For any of our clients that want self service password resets we use Quest Password Manager - pretty cheap if you have a good relationship with Dell.

Also has a handy feature for remote / VPN users where it caches the user reset info and allows for resets / unlocks when the user has no connectivity :)


LukesCorsaSXi

posted on 12th Jul 15 at 19:30

quote:
Originally posted by Andrew
If a user can't rememeber their own password, good luck getting them to go thorugh a series of questions.


They're questions for which the answers do not change. For example; What is your maiden name? Or, what was your first car?


willay

posted on 12th Jul 15 at 18:40

its a college, will come down to cost vs amount of calls we have logged in the past for password resets.


Gaz

posted on 11th Jul 15 at 21:21

I'm sure we have Manage Engine installed in work too but not live yet, but my old place used Quest IIRC.

Either way they are all the same from the front end, you need to work out what requirements you want from the back end and then simple design and promote it to your user base.

No-one likes having to do it themselves but the pro's far out way the con's for this type of tool especially if your are a 24/7 business.


Andrew

posted on 11th Jul 15 at 16:22

If a user can't rememeber their own password, good luck getting them to go thorugh a series of questions.


LukesCorsaSXi

posted on 11th Jul 15 at 08:43

We use SSRPM - when a user signs in they are asked 5 questions.
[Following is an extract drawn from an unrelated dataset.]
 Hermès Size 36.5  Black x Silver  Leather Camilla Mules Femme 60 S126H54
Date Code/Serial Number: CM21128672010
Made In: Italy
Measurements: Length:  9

If a user wants their password resetting our first line guys usually go through the questions they have used and answer them accordingly.
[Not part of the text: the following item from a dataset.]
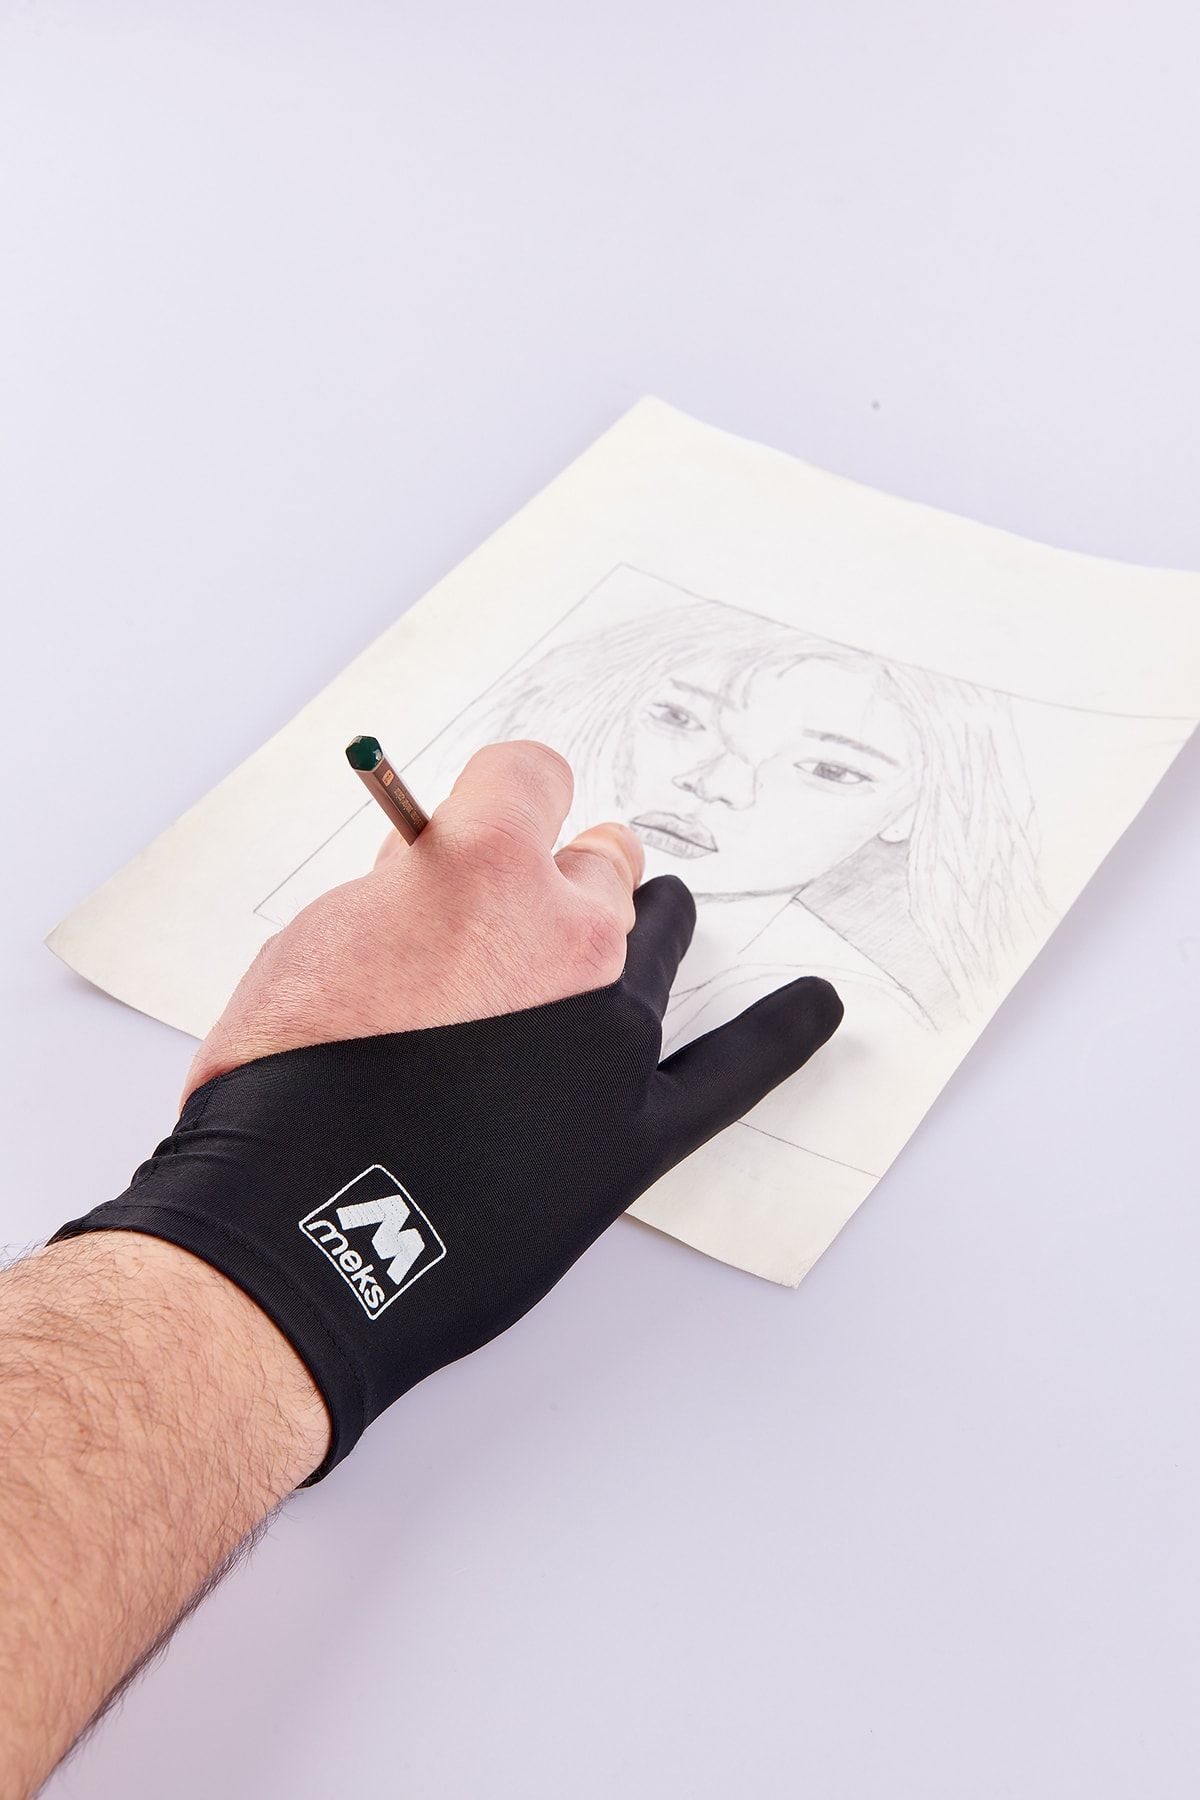 MEKs Graphic Tablet Drawing Glove For Art And Education Small Size -  Trendyol

Once setup a user is required to be in a certain OU group to push the initial SSRPM setup out to them.


Neo

posted on 10th Jul 15 at 13:35

I looked into it before and trialed manage engine AD manager which worked well but was very expensive. Was a while back now though


willay

posted on 10th Jul 15 at 10:36

re: subject, anyone maintain a system like this at the moment? We would like our Active Directory users to be able reset their passwords using custom questions and or other methods. Currently looking at LANDesk Password Central - interested to see what else is out there?